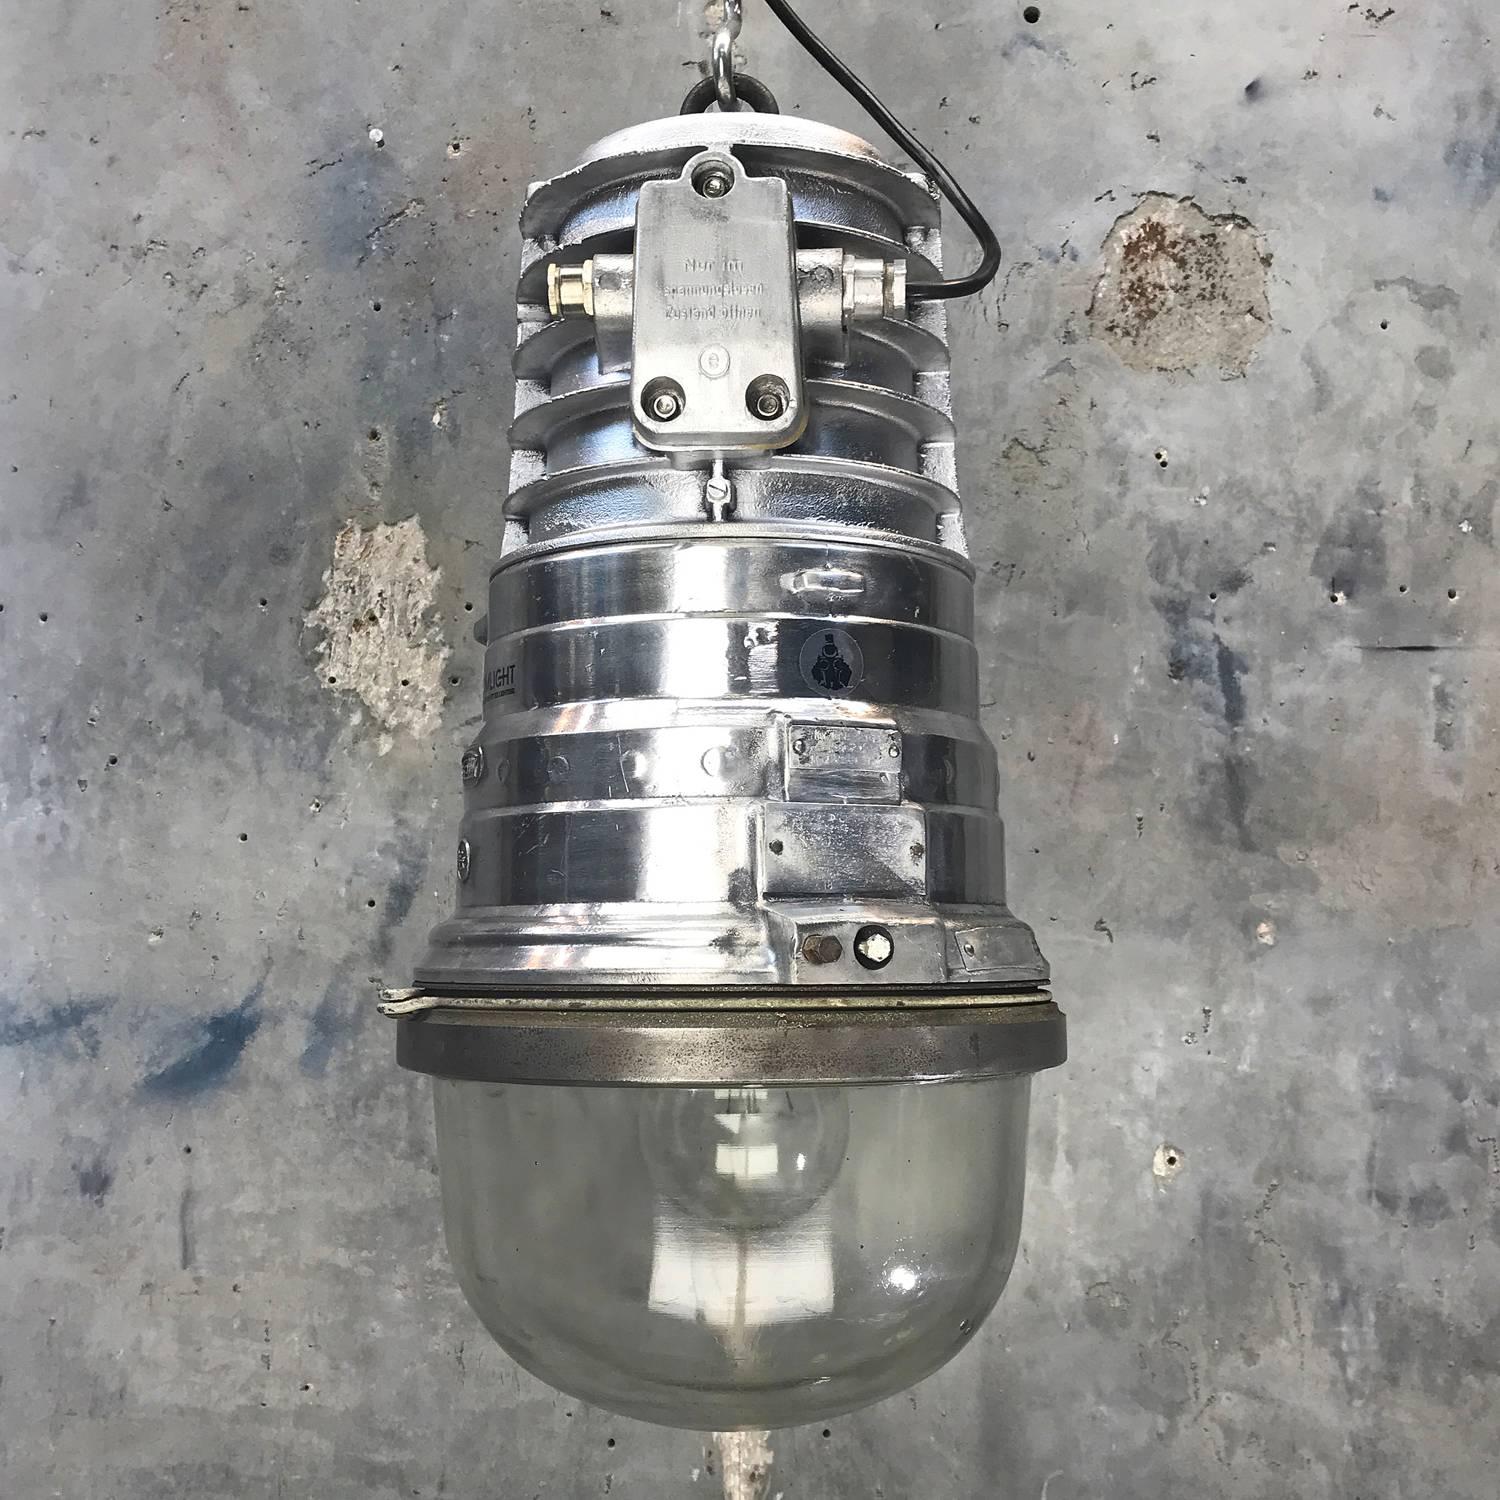 18 kg cast aluminium explosion proof pendant.
If you are looking for an Industrial fitting that is truly unique look no further!
The lamp we have fitted is a 300 watt tungsten / halogen lamp which suits the fixture perfectly in terms of size and

_What you should do_. The result should be an exact copy of the material, containing no pictures.

_Written response_.
 18 kg cast aluminium explosion proof pendant.
If you are looking for an Industrial fitting that is truly unique look no further!
The lamp we have fitted is a 300 watt tungsten / halogen lamp which suits the fixture perfectly in terms of size and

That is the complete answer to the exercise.